*** Block opens ***
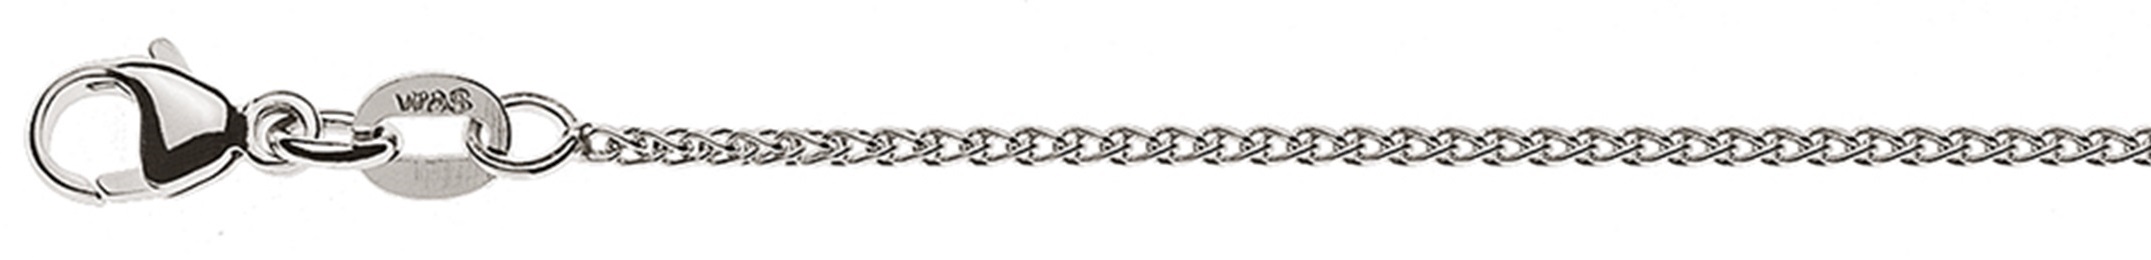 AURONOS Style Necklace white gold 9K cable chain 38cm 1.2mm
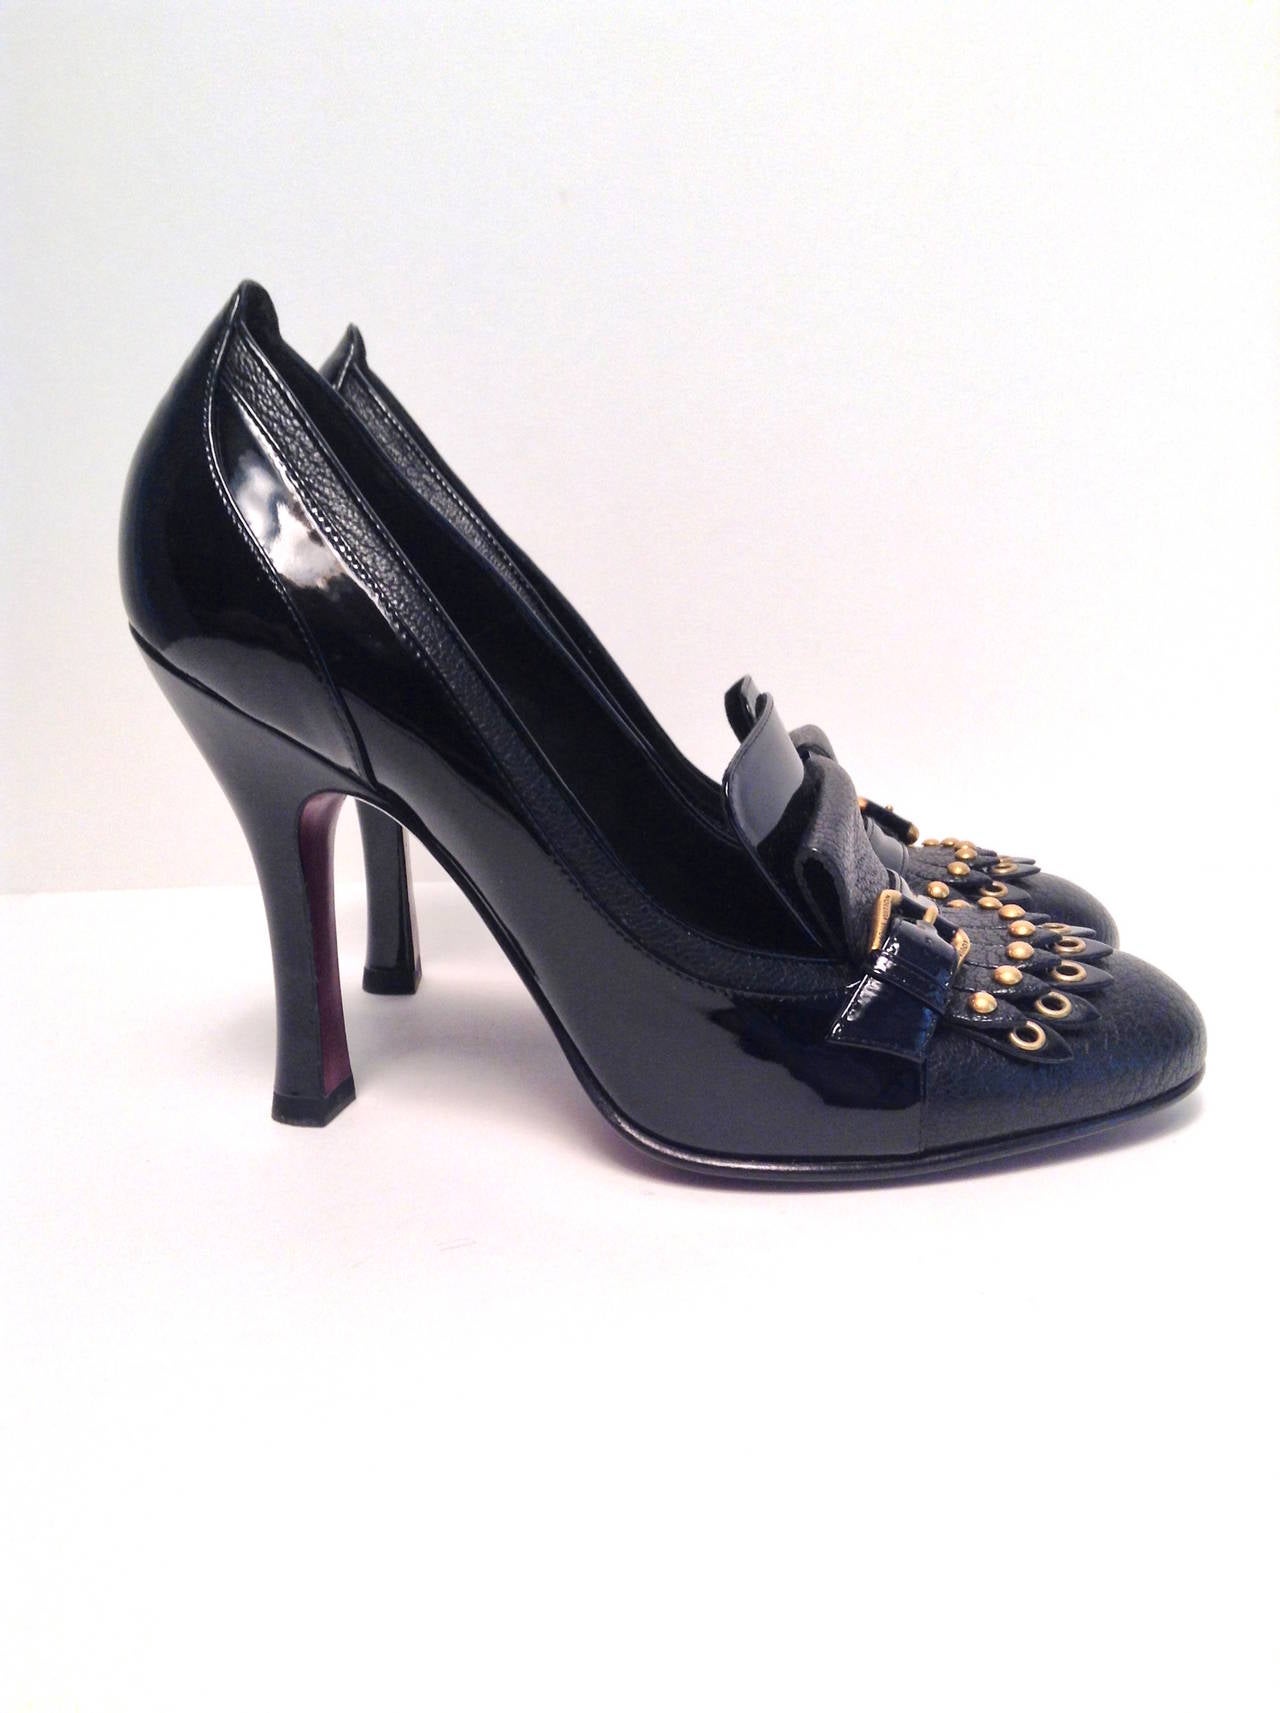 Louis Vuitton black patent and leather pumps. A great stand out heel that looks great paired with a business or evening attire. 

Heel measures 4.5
*** Block closes ***
▶ **Task to complete**
Keep the pictures out of the copy and return the rest of the data above exactly.

▶ **Worked solution**
 AURONOS Style Necklace white gold 9K cable chain 38cm 1.2mm
 Louis Vuitton black patent and leather pumps. A great stand out heel that looks great paired with a business or evening attire. 

Heel measures 4.5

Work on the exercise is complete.